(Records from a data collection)

--------

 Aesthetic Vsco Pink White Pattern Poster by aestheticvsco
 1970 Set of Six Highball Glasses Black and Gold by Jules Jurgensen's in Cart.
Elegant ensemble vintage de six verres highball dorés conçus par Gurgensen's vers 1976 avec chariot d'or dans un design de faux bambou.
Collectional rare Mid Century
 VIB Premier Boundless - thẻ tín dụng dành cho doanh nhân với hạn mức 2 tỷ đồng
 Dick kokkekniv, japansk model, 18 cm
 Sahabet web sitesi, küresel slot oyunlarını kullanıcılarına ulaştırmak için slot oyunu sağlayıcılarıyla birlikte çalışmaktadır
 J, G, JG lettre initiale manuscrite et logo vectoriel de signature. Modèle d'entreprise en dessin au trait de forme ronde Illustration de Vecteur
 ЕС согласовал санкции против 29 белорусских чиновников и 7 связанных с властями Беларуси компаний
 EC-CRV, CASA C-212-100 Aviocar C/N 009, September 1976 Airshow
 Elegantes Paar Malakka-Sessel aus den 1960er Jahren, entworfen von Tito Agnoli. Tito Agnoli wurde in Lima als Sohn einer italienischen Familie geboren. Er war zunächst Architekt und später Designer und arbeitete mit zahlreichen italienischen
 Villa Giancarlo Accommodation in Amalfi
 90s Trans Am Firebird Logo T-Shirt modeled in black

--------

**Work order**
Write out the records above again, keeping each one identical to the original.

**Task output**
 Aesthetic Vsco Pink White Pattern Poster by aestheticvsco
 1970 Set of Six Highball Glasses Black and Gold by Jules Jurgensen's in Cart.
Elegant ensemble vintage de six verres highball dorés conçus par Gurgensen's vers 1976 avec chariot d'or dans un design de faux bambou.
Collectional rare Mid Century
 VIB Premier Boundless - thẻ tín dụng dành cho doanh nhân với hạn mức 2 tỷ đồng
 Dick kokkekniv, japansk model, 18 cm
 Sahabet web sitesi, küresel slot oyunlarını kullanıcılarına ulaştırmak için slot oyunu sağlayıcılarıyla birlikte çalışmaktadır
 J, G, JG lettre initiale manuscrite et logo vectoriel de signature. Modèle d'entreprise en dessin au trait de forme ronde Illustration de Vecteur
 ЕС согласовал санкции против 29 белорусских чиновников и 7 связанных с властями Беларуси компаний
 EC-CRV, CASA C-212-100 Aviocar C/N 009, September 1976 Airshow
 Elegantes Paar Malakka-Sessel aus den 1960er Jahren, entworfen von Tito Agnoli. Tito Agnoli wurde in Lima als Sohn einer italienischen Familie geboren. Er war zunächst Architekt und später Designer und arbeitete mit zahlreichen italienischen
 Villa Giancarlo Accommodation in Amalfi
 90s Trans Am Firebird Logo T-Shirt modeled in black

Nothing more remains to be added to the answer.